Required work >> Write out exactly the lines from the one with "Half Eyewear Clear Lens Eye Glasses Nerd" through the last line of the data below, but not the pictures.

Supplied information >>
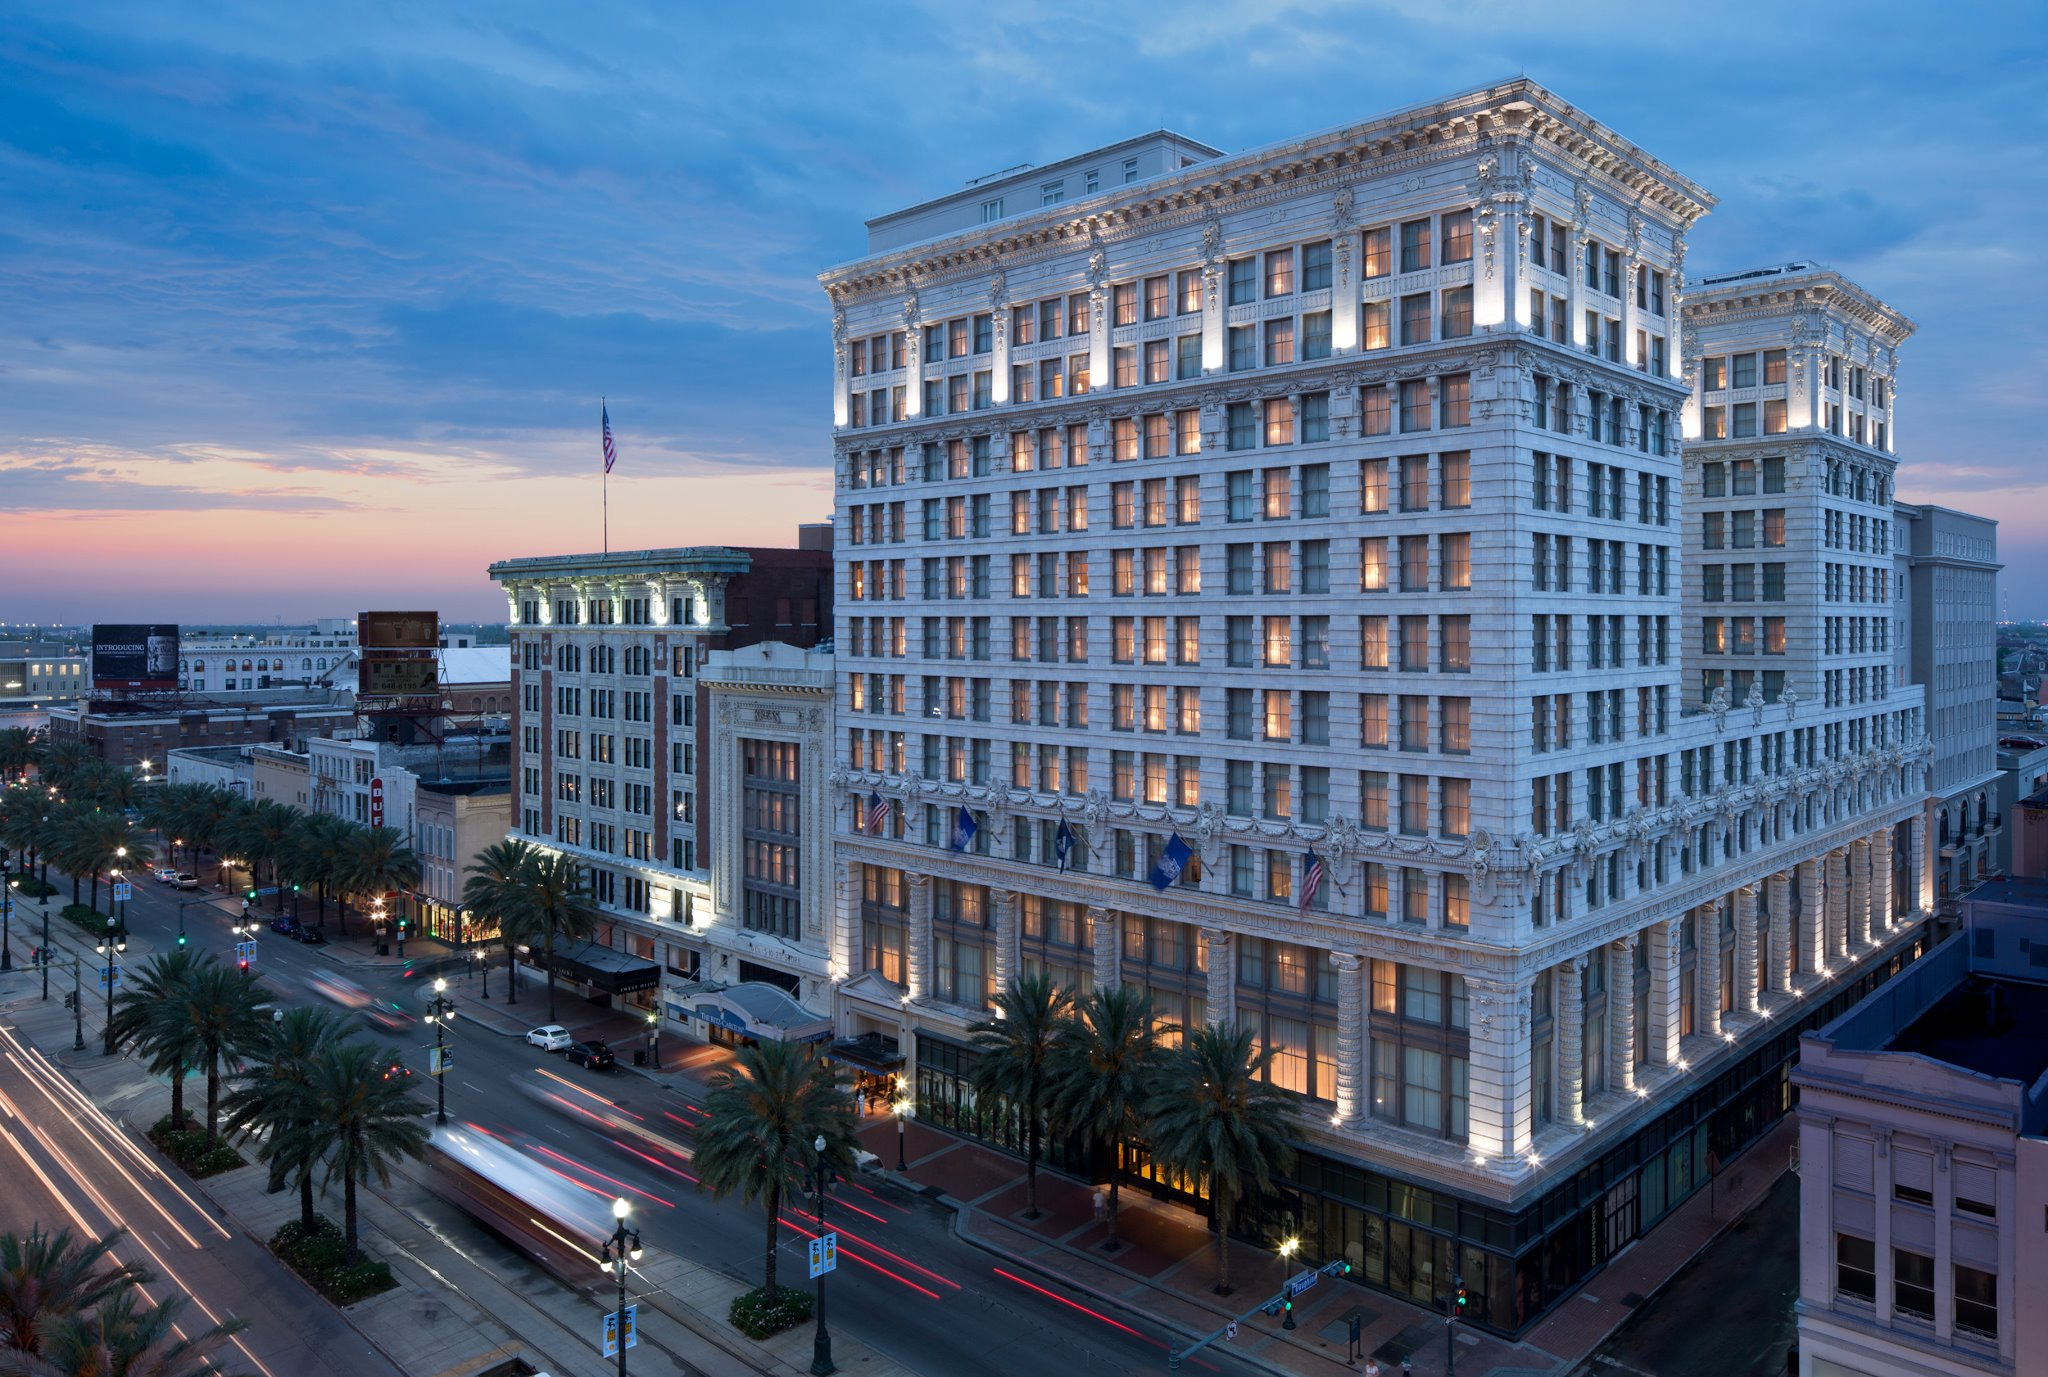 Moonlight Magic at The Ritz-Carlton, New Orleans
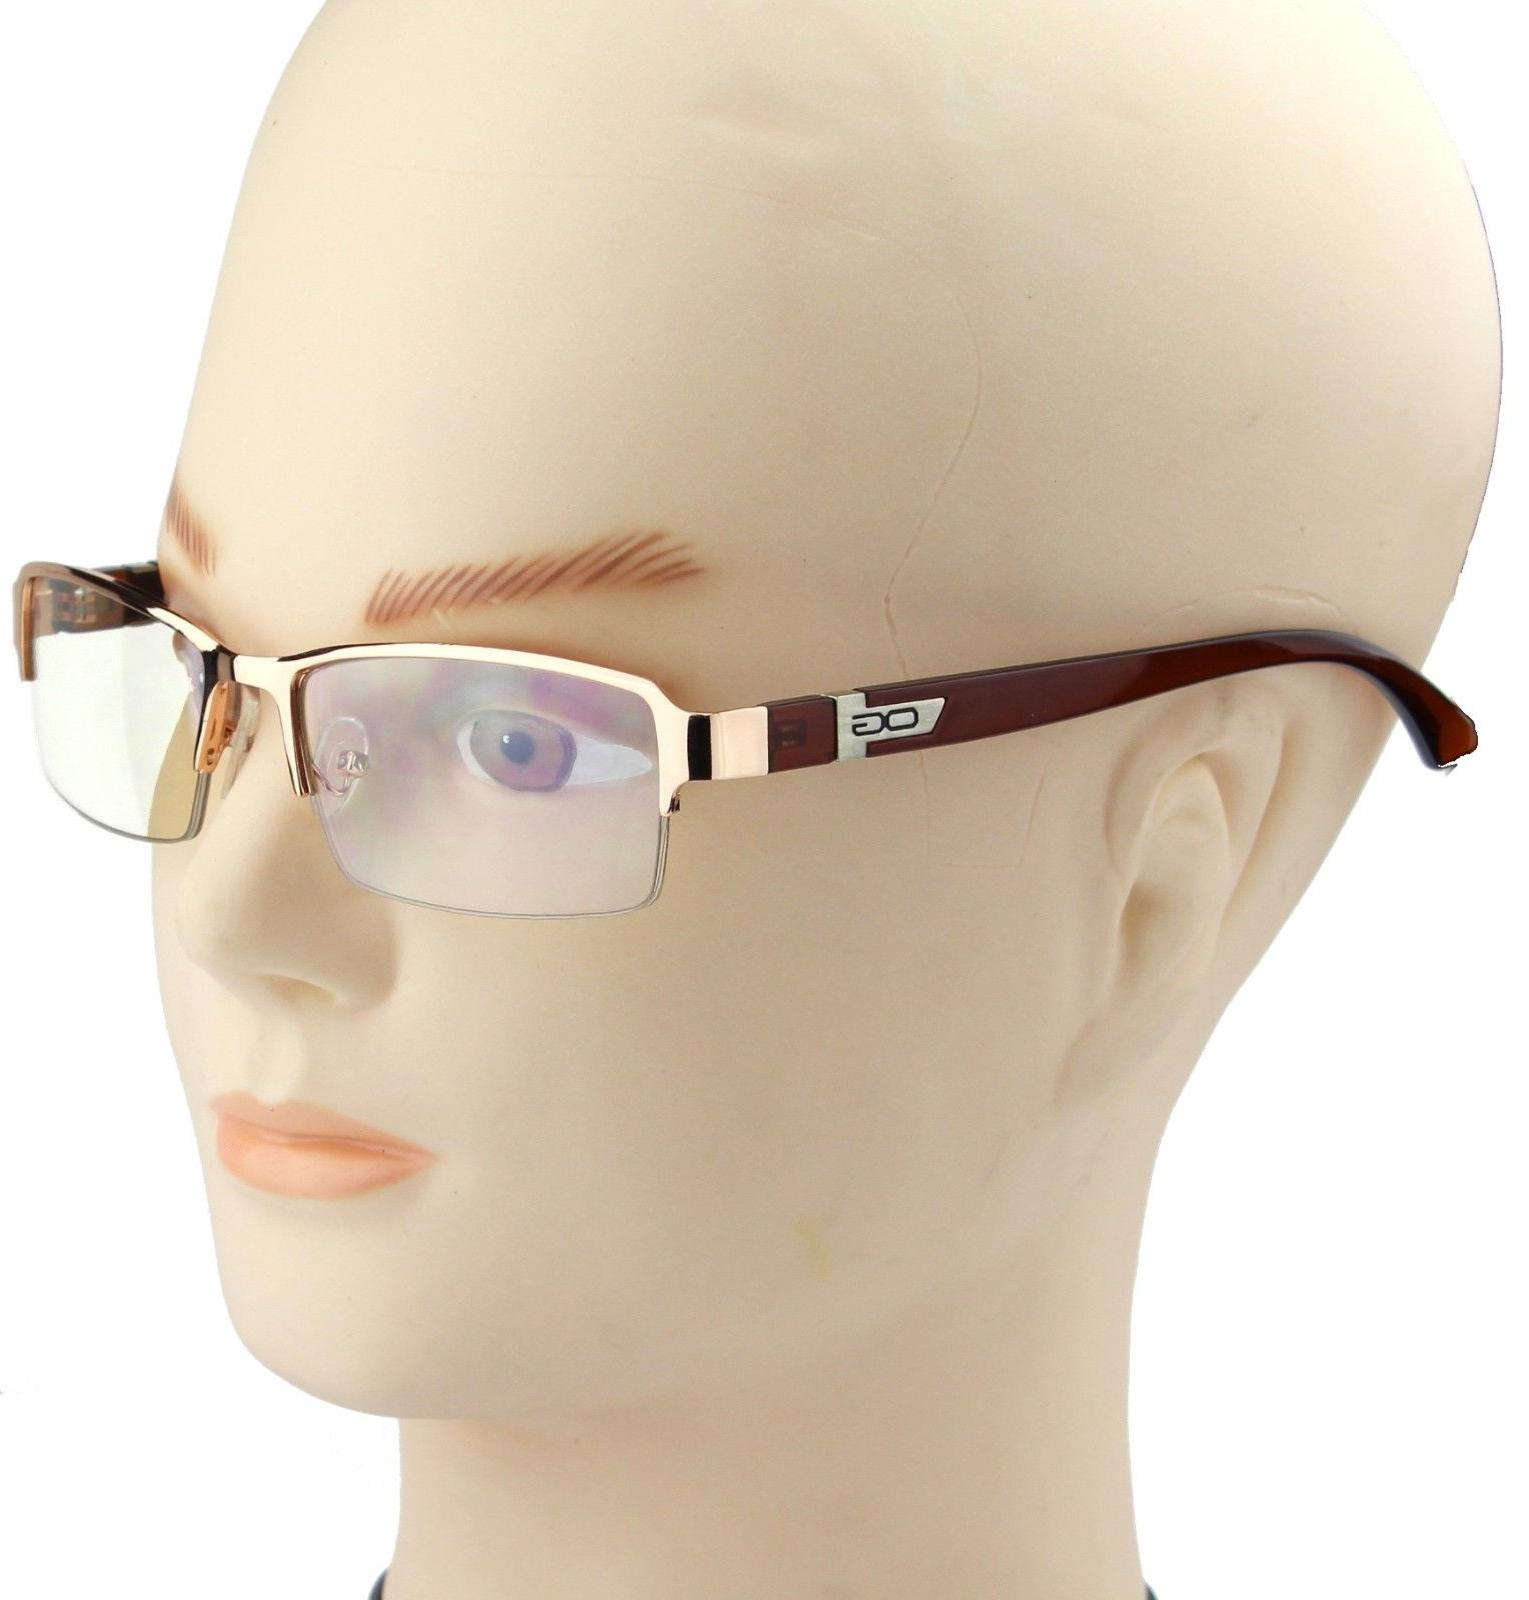 Half Eyewear Clear Lens Eye Glasses Nerd
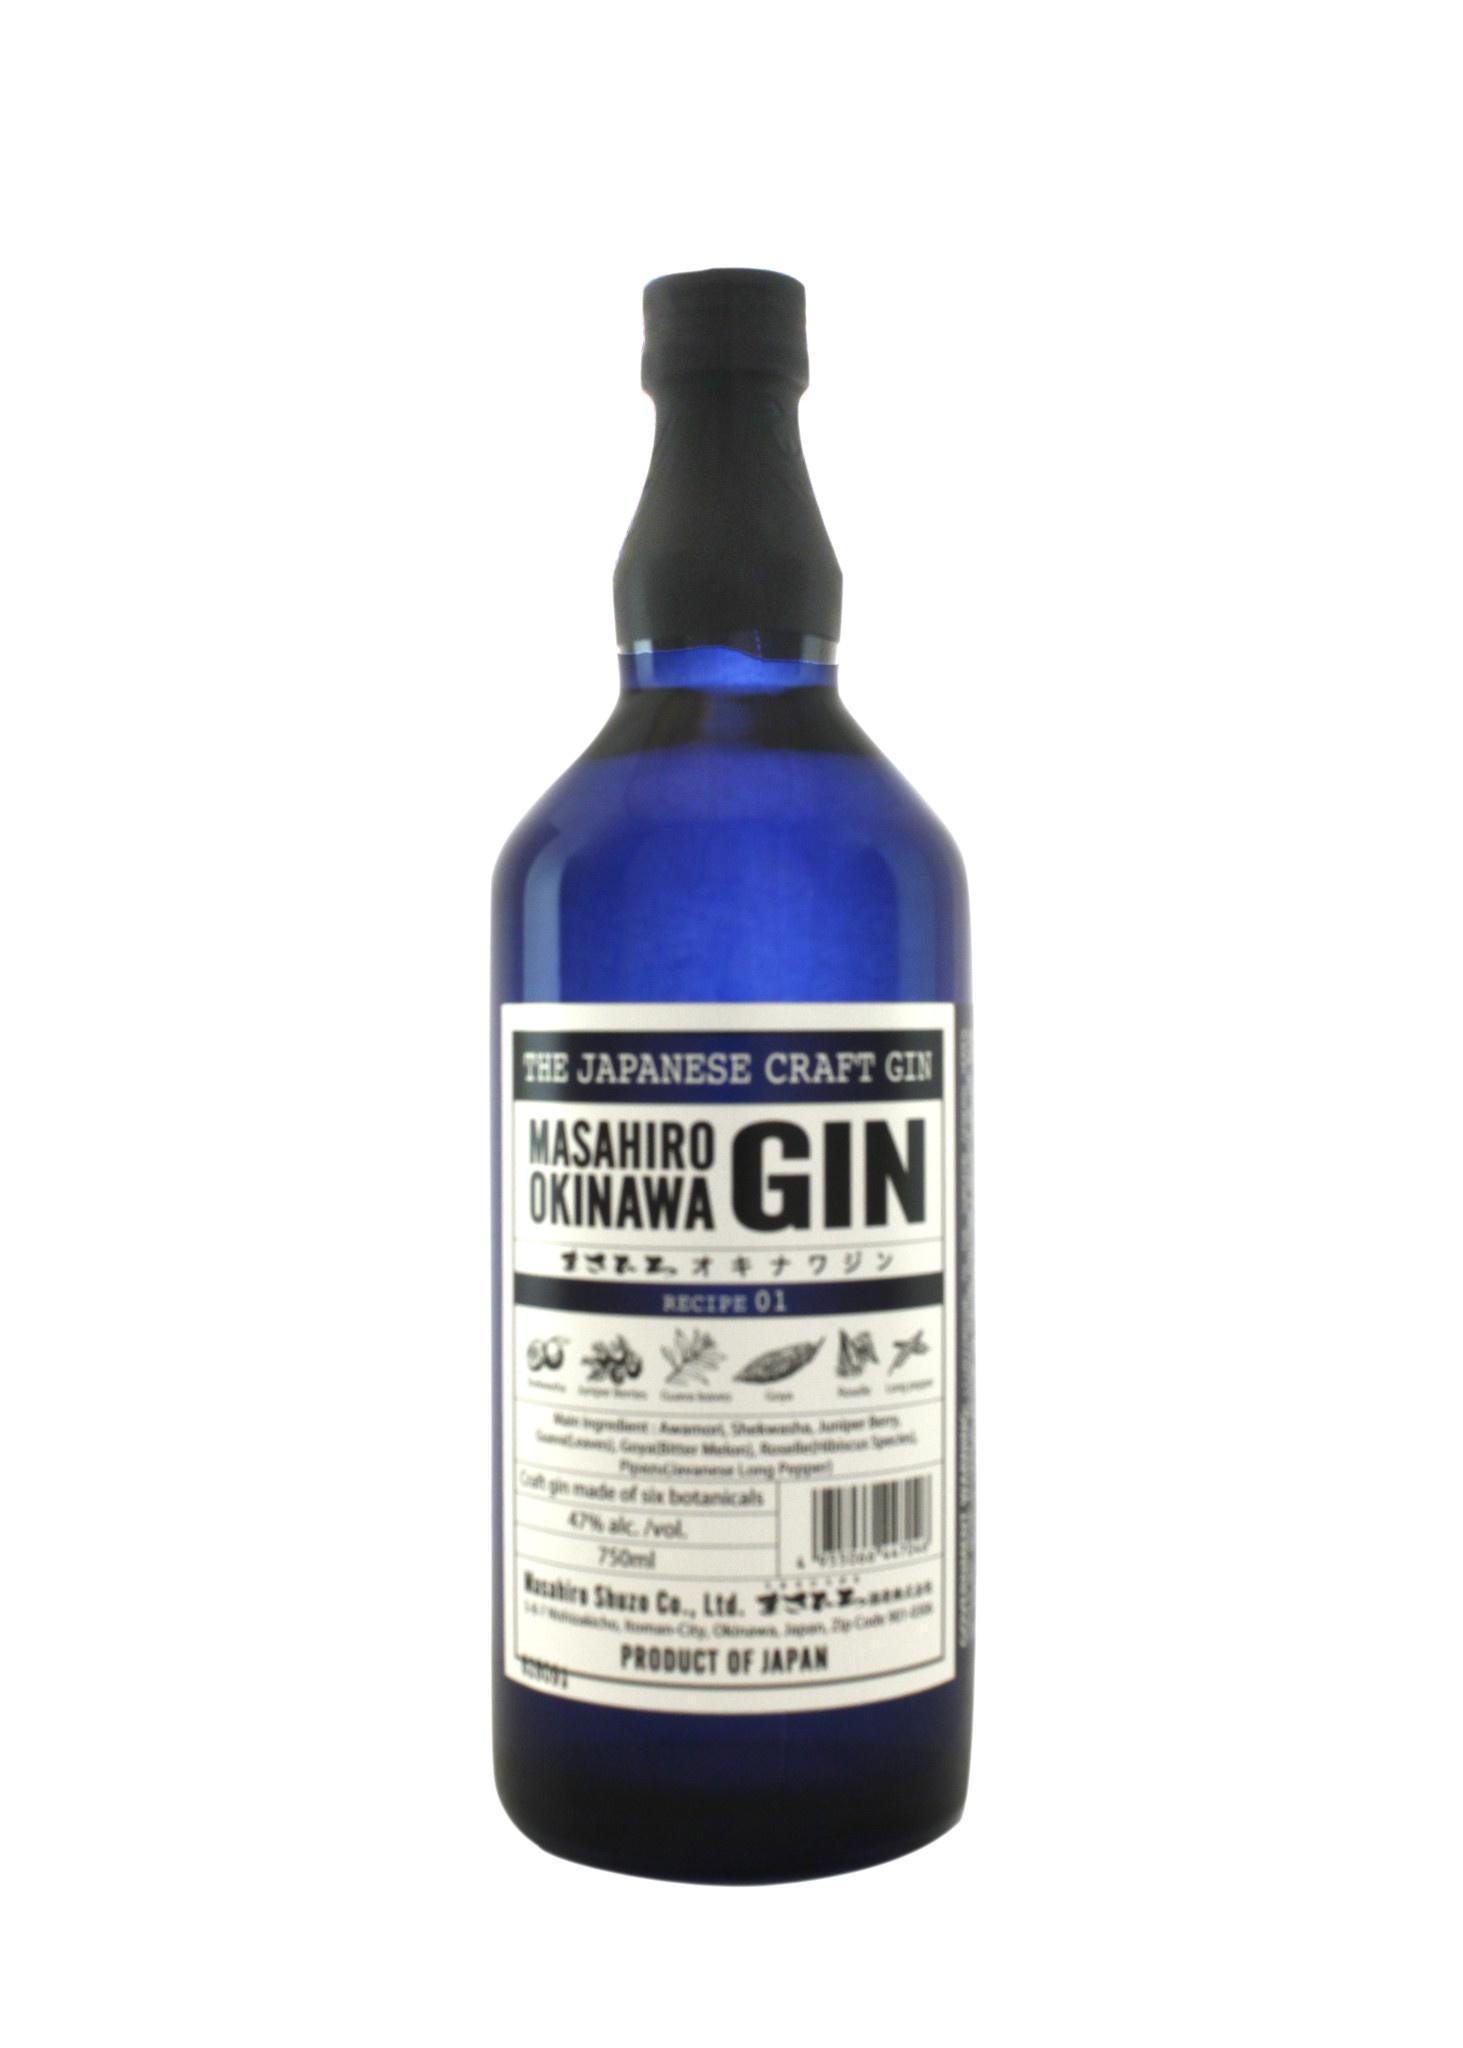 Masahiro Okinawa Gin, Recipe 01, Japan

Answer to this exercise >>
 Half Eyewear Clear Lens Eye Glasses Nerd
 Masahiro Okinawa Gin, Recipe 01, Japan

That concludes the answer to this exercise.